Читать «Постигая искусство прощения...» онлайн - страница 11

Оксана Валентиновна Аболина

Двадцать второе воспоминание. Пятнадцать лет.

Прятать и перепрятывать в новые укромные места блокноты всё тяжелее — их становится слишком много. Штук сто, а то и больше. В несколько приемов я перевожу их на дачу. Складываю у себя в комнате в бельевом шкафу, прикрываю сверху кучей тряпья. После очередной поездки в город их там не оказывается. На мой вопрос, где они, отец читает мне нотацию о том, что я захламила свою комнату, что макулатуру надо сразу сжигать, а не ждать, когда за меня это сделают другие. Я молчу. Я научилась, как Петька когда-то, шевелить скулами. Я целиком и полностью сосредотачиваюсь на этом занятии.

Двадцать третье воспоминание. Шестнадцать лет.

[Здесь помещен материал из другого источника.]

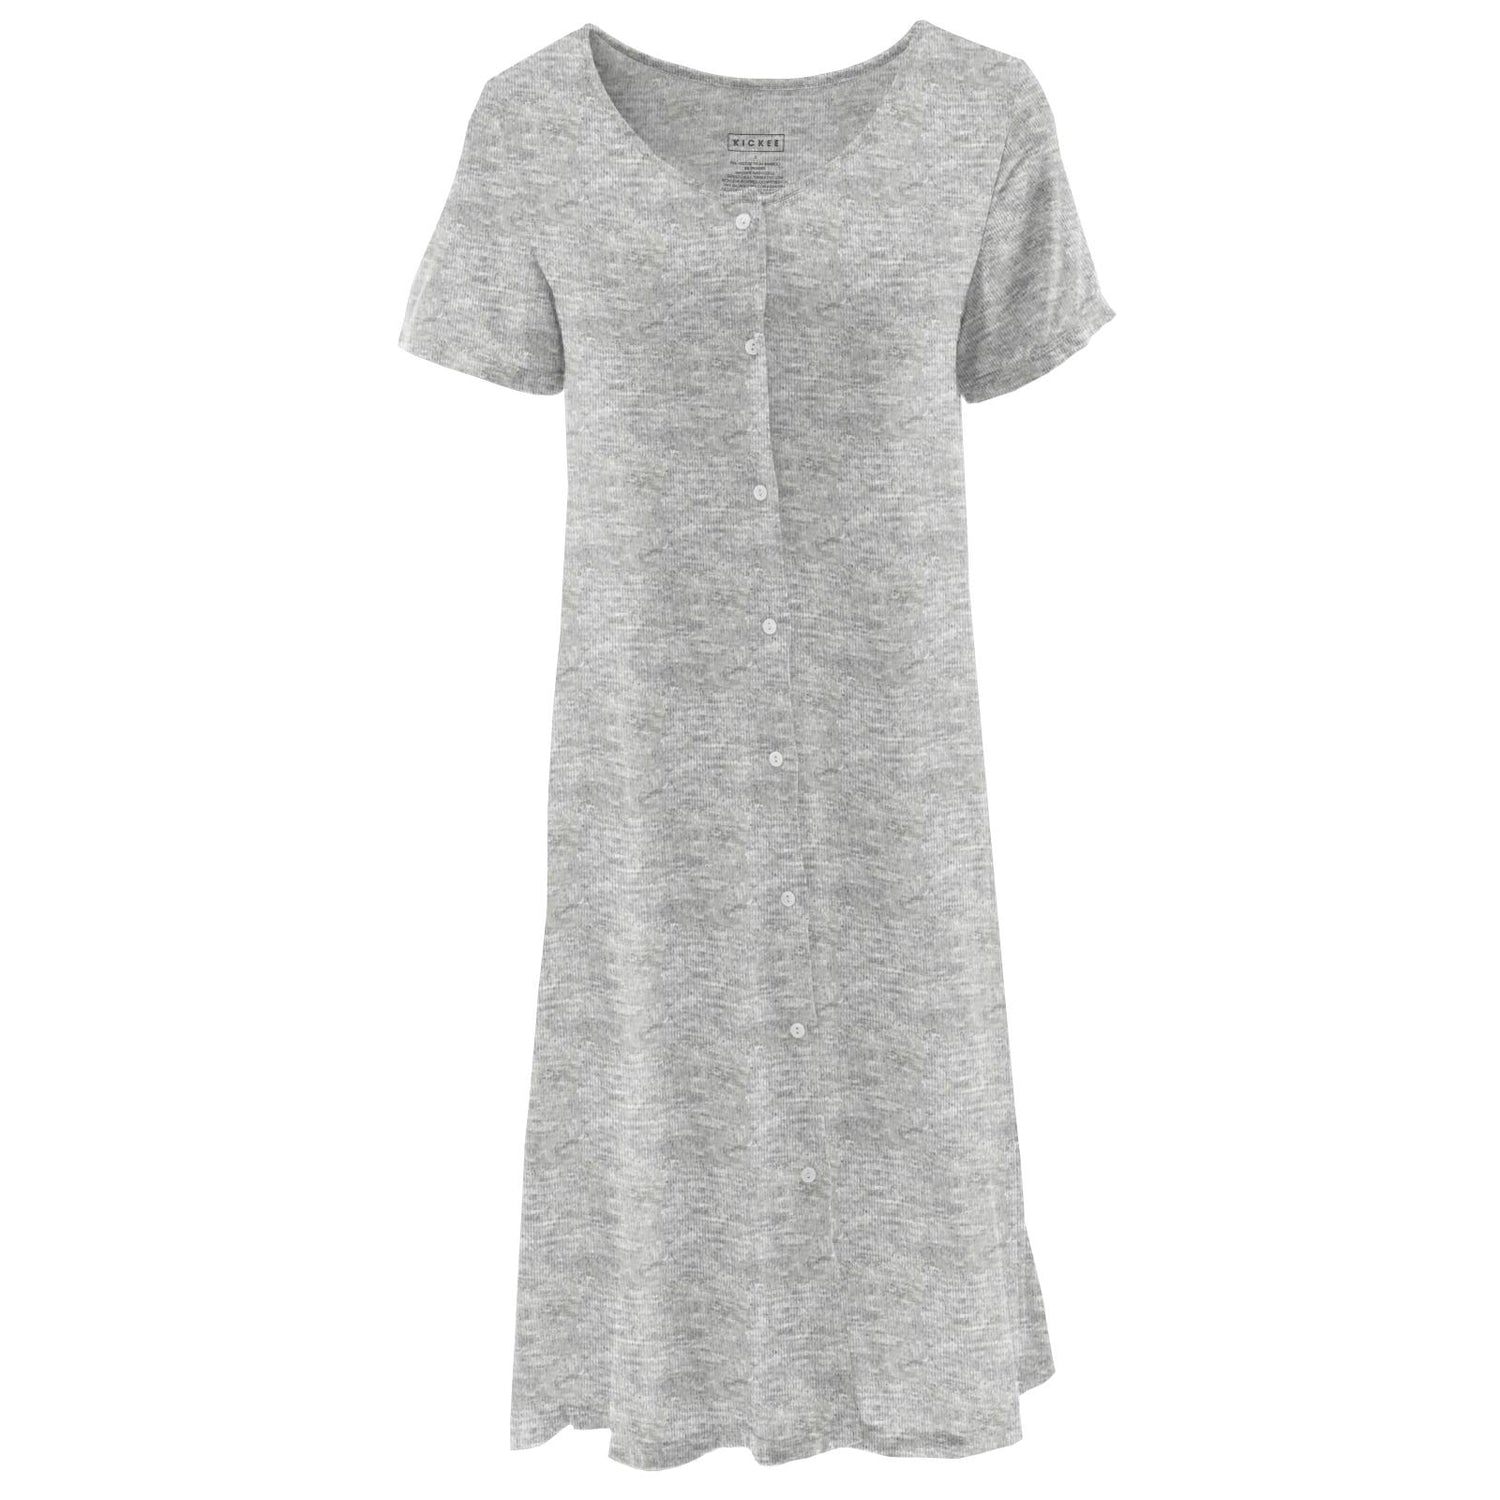 Women's Nursing Nightgown in Heathered Mist

В принципе внешне почти ничего не меняется. Я много пишу. Но я начинаю чувствовать свою силу. Стоя перед зеркалом, я учусь выдвигать вперед нижнюю челюсть, угрожающе опускать брови и смотреть со зверским прищуром. Я говорю медленно и раздельно, вкладывая энергию в каждое слово. У меня получается не хуже, чем у отца. Окружающие начинают меня бояться. Одной фразой я могу поставить на место любого. В отличие от отца я использую силу только в тех случаях, когда я этого хочу. Но однажды, ломая волю одного из учителей, ставя его на место, я понимаю, что испытываю огромное удовольствие от унижения, которое он испытывает. Мне становится не по себе. Настолько не по себе, что я начинаю пытаться себя ограничить. Волей задавить то, что оживает во мне — первобытную дикую мощь. И чем больше я стараюсь это сделать, тем неуправляемей она становится. Я физически чувствую ее зарождение в себе, как она переполняет меня и сполохами прорывается наружу. Я начинаю вновь бояться отца — взаимодействия с ним. Я чувствую, что мы связаны, что я нахожусь под его влиянием и я понимаю, что пока он рядом, со мной будет происходить это неведомое преображение, которое мне инстинктивно нравится и которое я в себе ненавижу.

Когда он в очередной раз заводится по какому-то пустяку, я выпячиваю челюсть, прищуриваю глаза и выцеживаю сквозь зубы, вкладывая в слова всю свою ненависть:

— А ты знаешь, батя, ты ведь фашист.

В первый раз в жизни я вижу его растерявшимся. На его глазах я достаю из тайников свои блокноты, складываю их в рюкзак, надеваю его на себя и ухожу. Некоторое время я живу у своих друзей. Тем временем, оказывается, что у отца есть своя комната, отдельно от нас. Это новость для меня. И это помогает мне выжить — мама сумела договориться с отцом, чтобы он дал мне ключи от своей комнаты. Там есть все, что для меня нужно: стол, стул, шкаф, кровать. Правда, кровать детская, и спать приходится, скрючившись, но я довольно быстро выбиваю спинку ногами, после чего приспосабливаю стул как ее продолжение.

Теперь и мое имя стало табу. С мамой я встречаюсь на ее работе. Для меня наступают пять долгих лет вольницы. За это время я успеваю справиться с собой — мой характер меняется так стремительно, что те, кто не встречал меня месяц-два, не могут после поверить, что я — это я. Однако, это все-таки я.